Task brief - Print the material below exactly as it stands, please, from its first line to the line holding "Middle bracket 001", with no pictures.
Data block below:
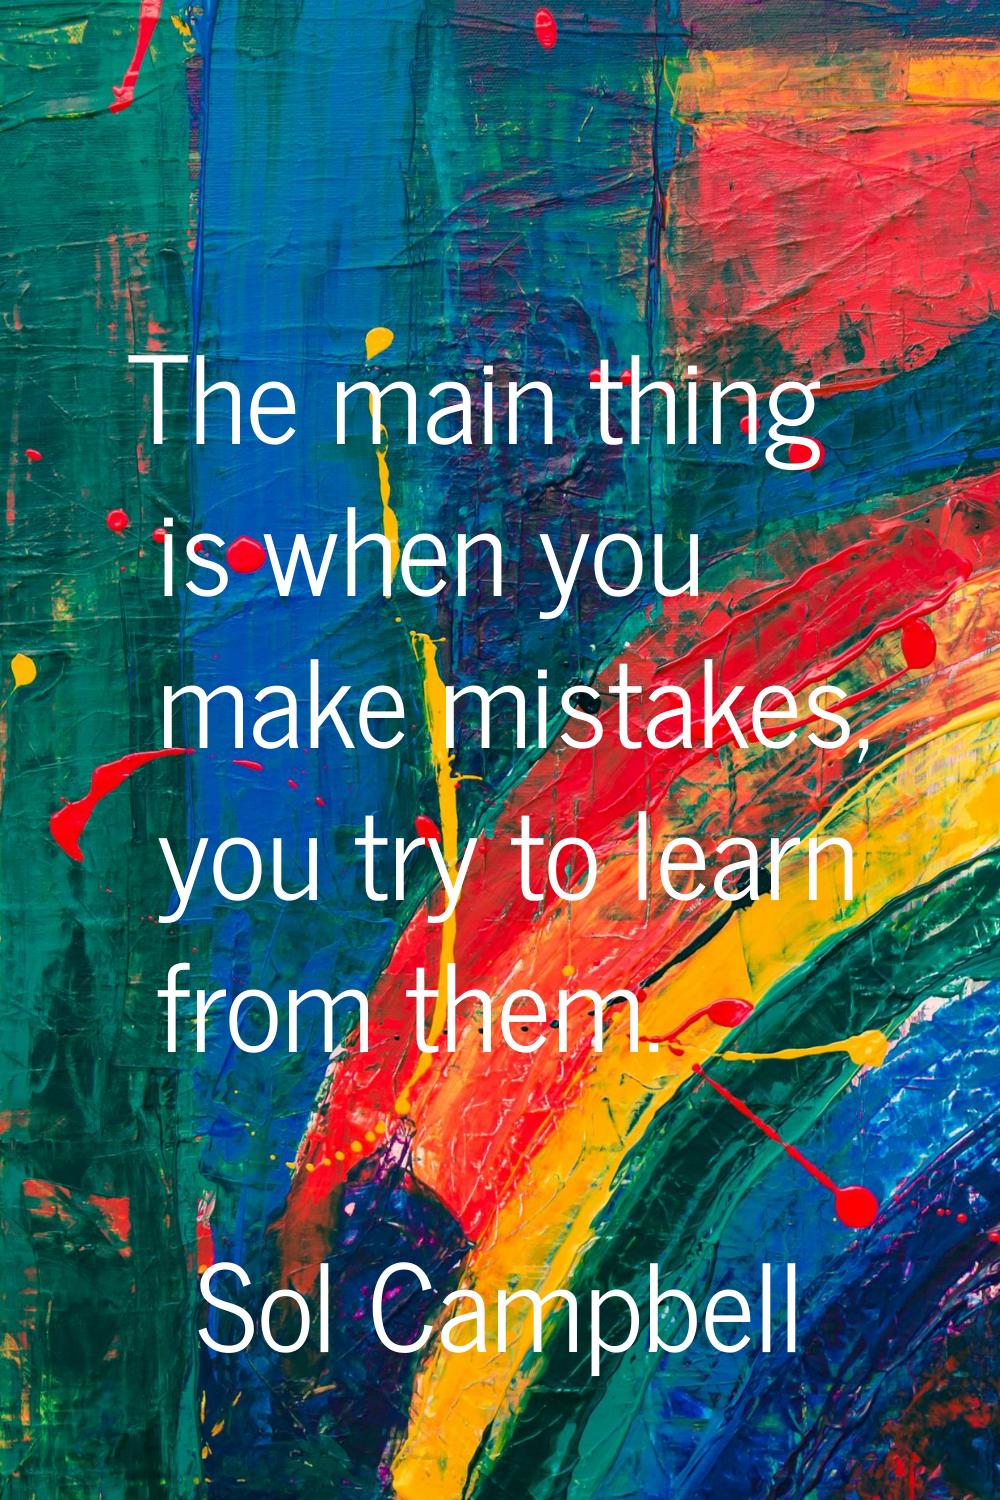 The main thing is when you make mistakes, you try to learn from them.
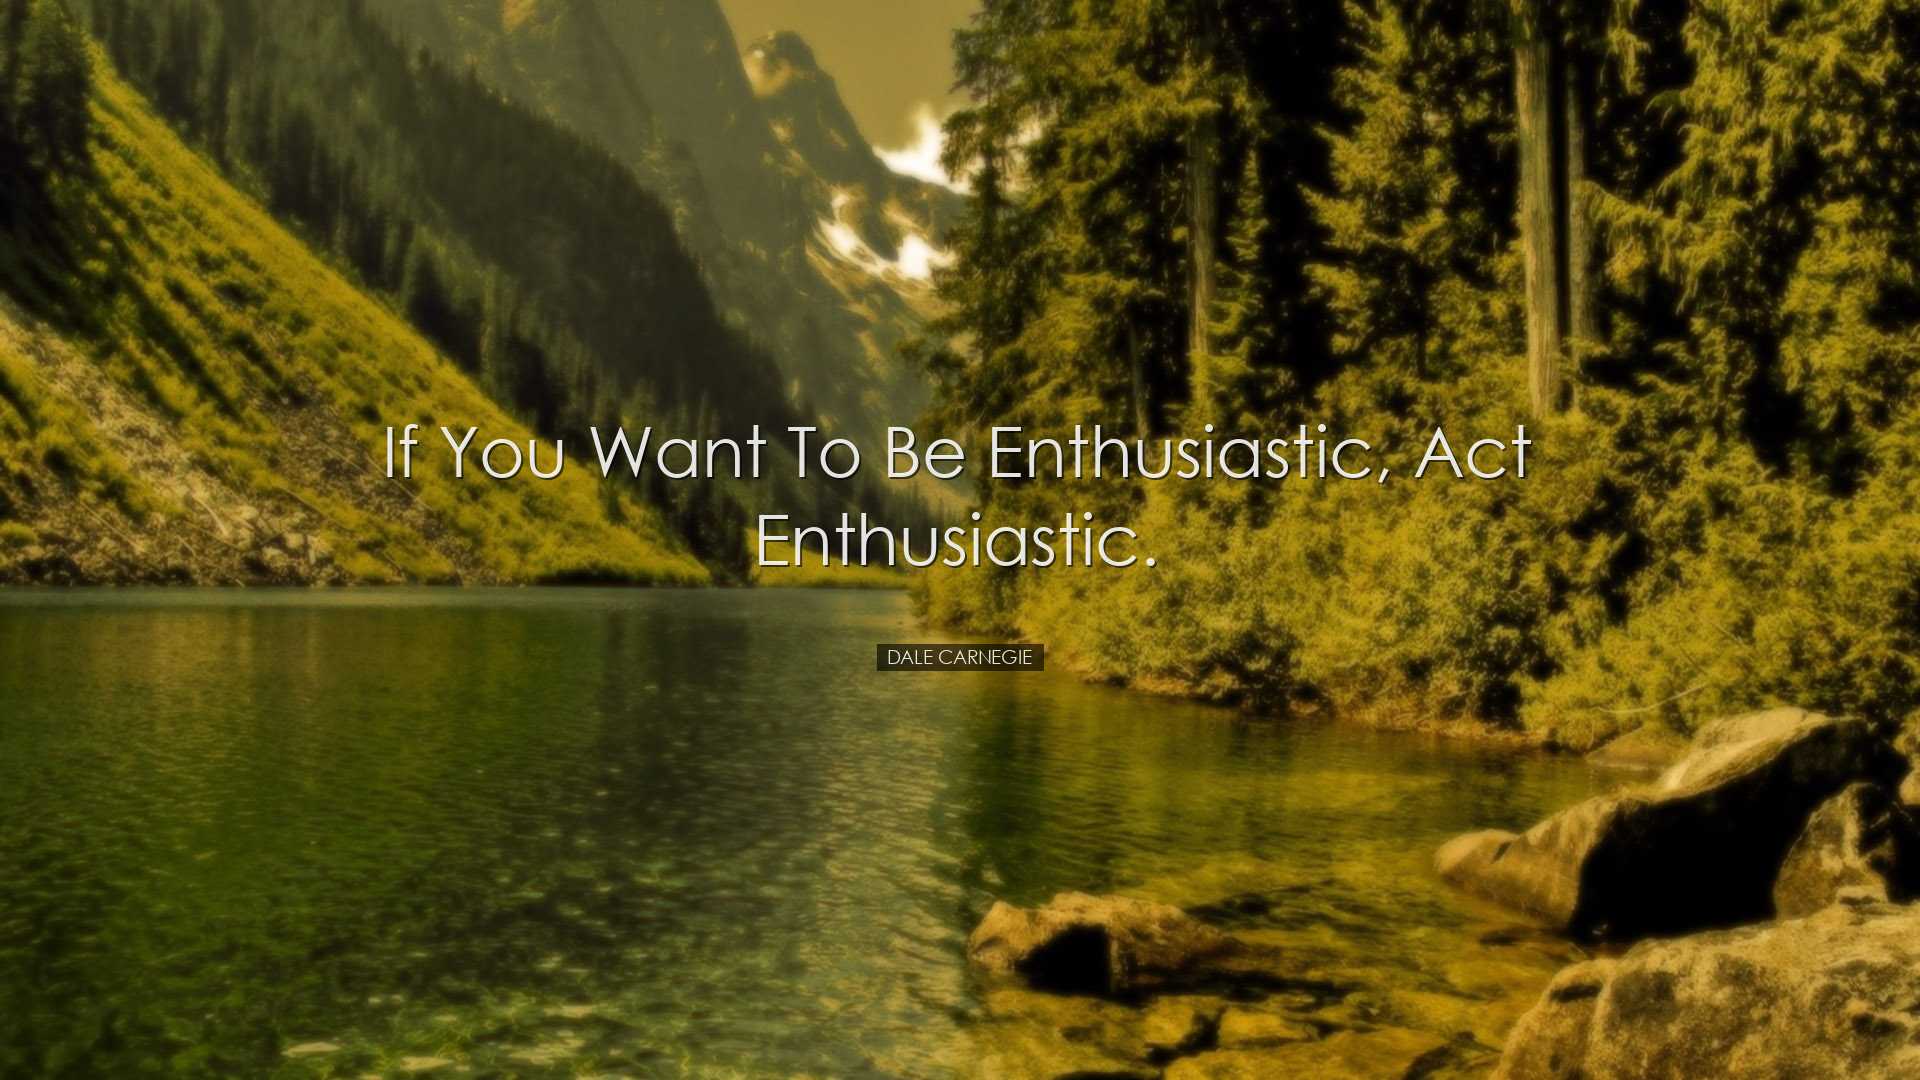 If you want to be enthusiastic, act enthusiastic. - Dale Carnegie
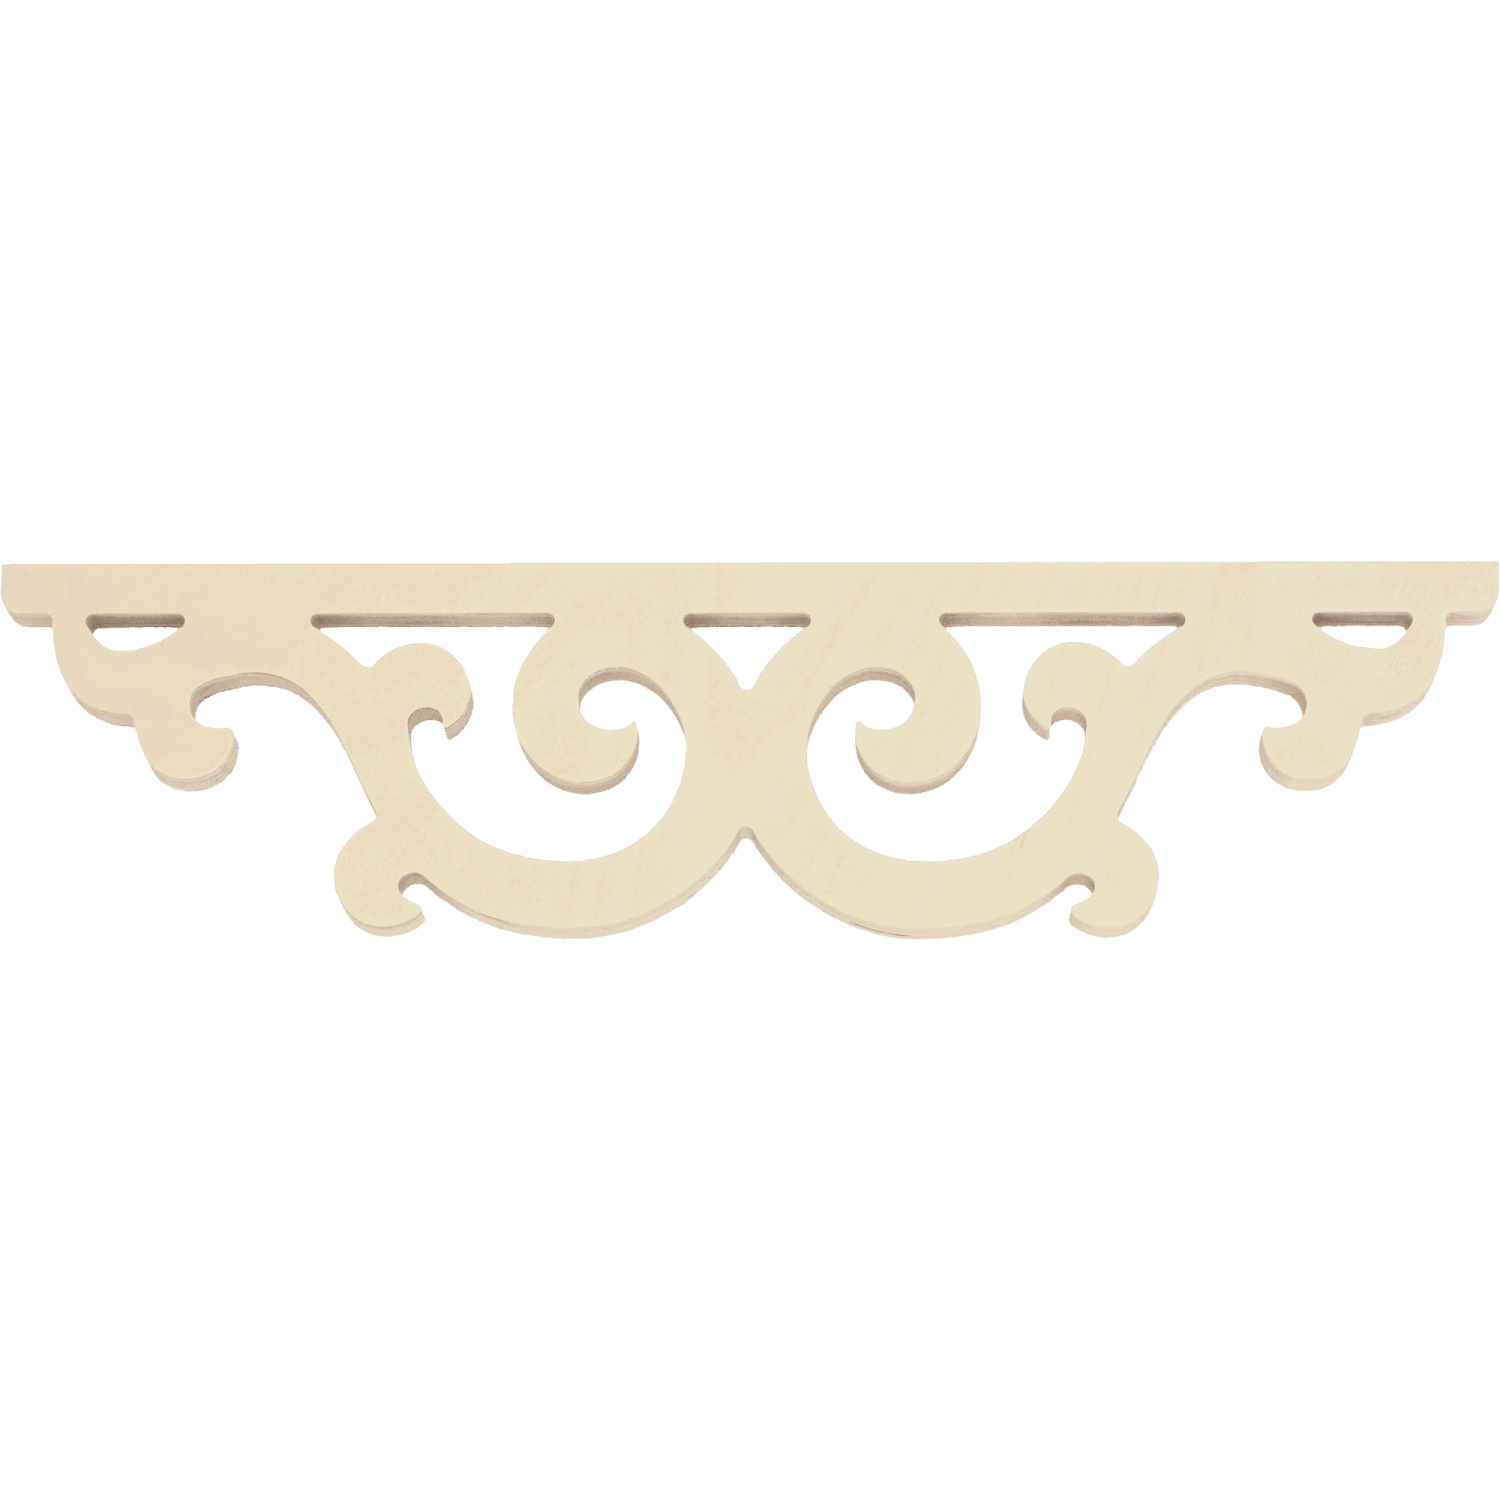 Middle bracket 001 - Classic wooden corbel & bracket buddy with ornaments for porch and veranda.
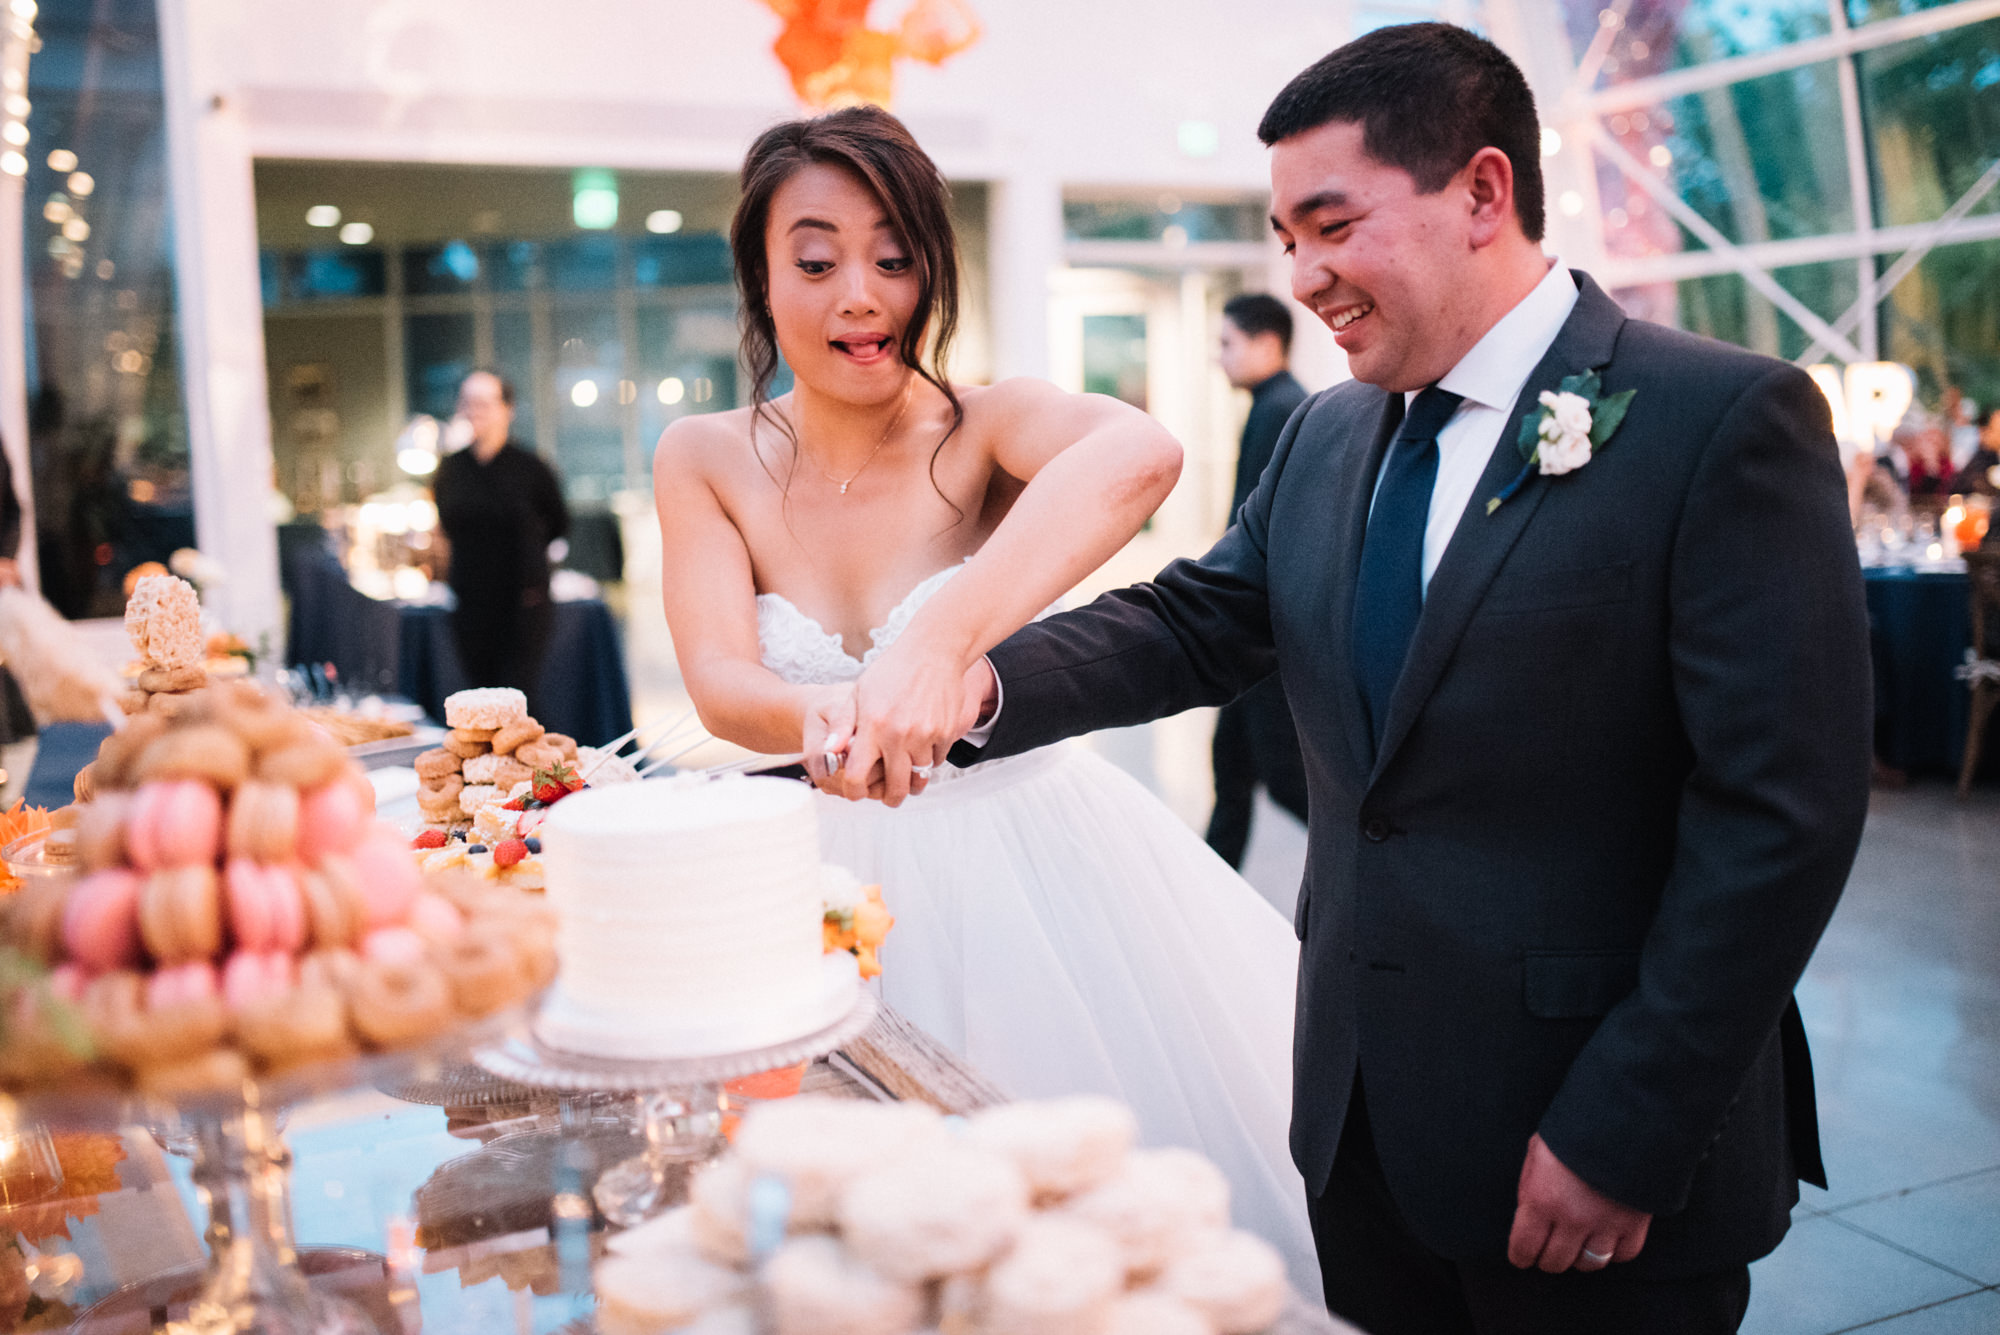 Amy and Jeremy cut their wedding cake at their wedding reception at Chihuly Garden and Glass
End of Data block.
Solution for this exercise -
 The main thing is when you make mistakes, you try to learn from them.
 If you want to be enthusiastic, act enthusiastic. - Dale Carnegie
 Middle bracket 001 - Classic wooden corbel & bracket buddy with ornaments for porch and veranda.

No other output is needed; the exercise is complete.